Even though you know all these rules, chances are, your next teammate doesn’t know them. So better put your Nuclear Core in a controlled environment! I have talked in one of my previous posts about DDD and specially Hexagonal Architecture, and I think that could provide a nice solution here. Isolating generated code in an “Adapter” and making sure it doesn’t affect our Domain. Better put it this way

We can’t guarantee not changing the Domain, so you better not use any generated code in the Domain.

How to make sure no one will break this rule unintentionally? In my previous project, following DDD modular setup, I created a multi-module project to achieve this. It’s pretty simple actually. You have one domain module, and a bunch of adapter modules. The golden rule is, domain module cannot depend on any adapter modules, but adapter modules can and will depend on the domain. If you go with this setup, then you will have one or more modules containing the generated code and whatever extra classes needed for them. For example, if you’re using OpenAPI to generate REST Controllers based on a spec file, these generated Controllers, and converters they need to convert DTO to Entity and vice versa will sit in the http-adapter module. Domain cannot have a dependency on adapter modules, so Domain cannot use the generated code.

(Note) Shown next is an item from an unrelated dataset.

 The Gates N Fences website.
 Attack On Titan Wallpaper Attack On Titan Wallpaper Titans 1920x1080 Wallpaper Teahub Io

There’s another way to achieve similar goal (and much more) in single project setup, using a test library called ArchUnit. This library allows you to define “Architecture Rules” as tests. So if someone breaks these rules, the corresponding test will fail. In this case, we want to make sure our domain will remain generated-code free. For example, assuming we put all the generated code in packages that contains generated as part of the package qualified name, and all domain classes are in sub-packages of a package containing domain, then this ArchTest will ensure no one will add a dependency (any imports) from a domain class to generated code.


@ArchTest
fun domainShouldNotDependOnGeneratedCode(importedClasses: JavaClasses) {
ArchRuleDefinition.noClasses().that().resideInAPackage("..domain..")
.should()
.dependOnClassesThat()
.resideInAPackage("..generated..")
.check(importedClasses)
}

Side note: code generators such as OpenAPI usually annotate their generated classes with javax.annotation.Generated and that’s a much better grouping strategy for ArchTest than package qualified names.

Either of these two techniques are good “control rods” empowered with state-of-art technology and thus are excellent choices to contain your generated code. This way, you can be sure there will not be a nuclear meltdown!

Conclusion

Code generation can be very fruitful if you use it carefully

Put generated code in build folder
Reduce dependency on generated code as much as possible
Separate generated code from your core logic

P.S. Trying to apply these rules with OpenAPI for example could be very challenging and that’s something we’ve been struggling a bit in the past year. For example, OpenAPI doesn’t know about domain models, and thus the generated Rest Controllers pass DTO directly to the Domain service. That’s a deal breaker for us since DTO is generated code, and should not be used in the Domain service. I’m working on my own MPS language and code generator which I will talk about more in details when it’s ready. I have also ported a very simple open source MPS language, equivalent to OpenAPI here. So, if you have a good MPS solution for this problem, feel free to contribute to this project also. Or if you know of other solutions, share your experience on the comments.